The coverage plots in Figure 3 show peaks representing sites that were not intended to be targeted by our assay. These off‐target sites appear to be consistent over the entire set of replicates (Supporting Information Figure S2). Off‐target effects are a known consequence of the CRISPR/Cas9 system caused by locations in the genome with sufficient similarity to the gRNA target sequence to induce Cas9 activity (Fu et al., 2013). The most striking off‐target effect was found on chromosome 5, and further investigation of this site showed high homology between the HTT gRNA and an intronic region of the GALNT10 gene. The sequence at this site shows a 3‐bp mismatch to the HTT gRNA (Supporting Information Figure S3A). Additional off‐target sites were detected on chromosomes 4 and 9. These off‐target effects were caused by homology to the ATXN10 gRNA (Supporting Information Figure S3B and S3C).

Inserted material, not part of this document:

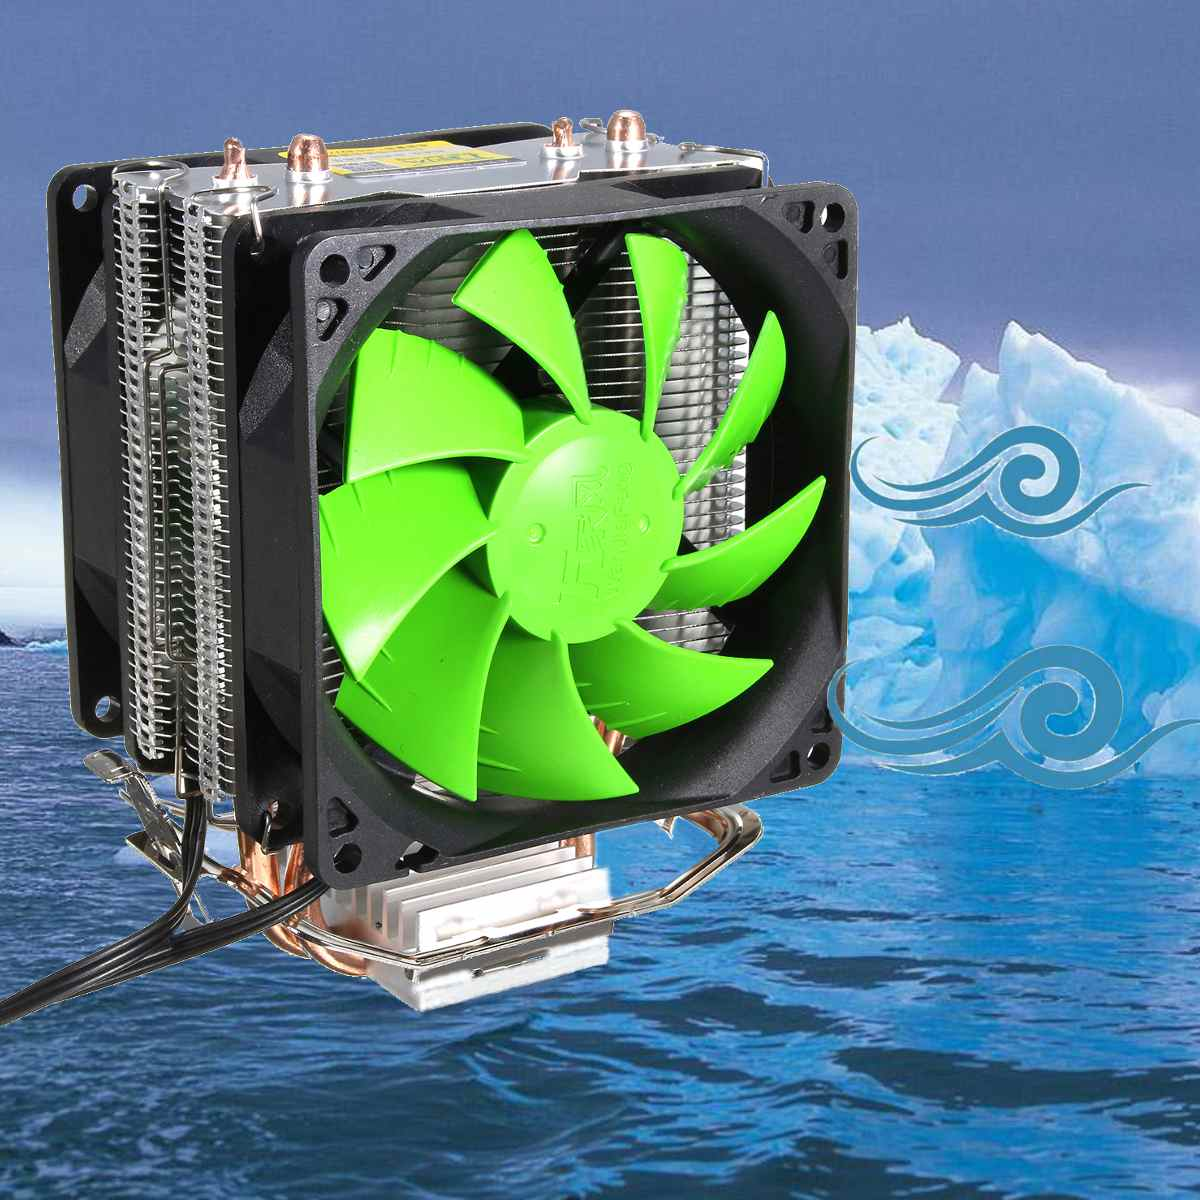 Radiador disipador de calor enfriador de CPU de ventilador Dual de 3 pines para Intel LGA775/1156/1155 AMD AM2/AM2 +/AM3 para AM4 Ryzen para Pentium

3.4. Enrichment results for clinical HD samples

We further applied No‐Amp Targeted sequencing to 11 clinical HD samples, resulting in an enrichment profile over the entire genome, similar to what was obtained for the HEK 293 replicates (Supporting Information Figure S4). The average fraction of reads on target for the HD samples was 4.9%, and the average number of CCS reads per sample was 10,432. We obtained 157 on‐target reads for HTT, 62 for FMR1, 181 for ATXN10, and 59 for C9orf72 on average for the 11 samples (see Supporting Information Table S3). The deviation in CCS reads between the HD samples and the HEK 293 replicates can be explained by lower amount of DNA going into the library preparation when using DNA from human blood samples (see Materials and Methods). Also, due to the limited amount of available DNA, only two REs were used for genome complexity reduction in the clinical HD samples, while four REs were used for the HEK 293 replicates. This could be another explanation for the variability in enrichment results as compared to that obtained for the HEK 293 DNA.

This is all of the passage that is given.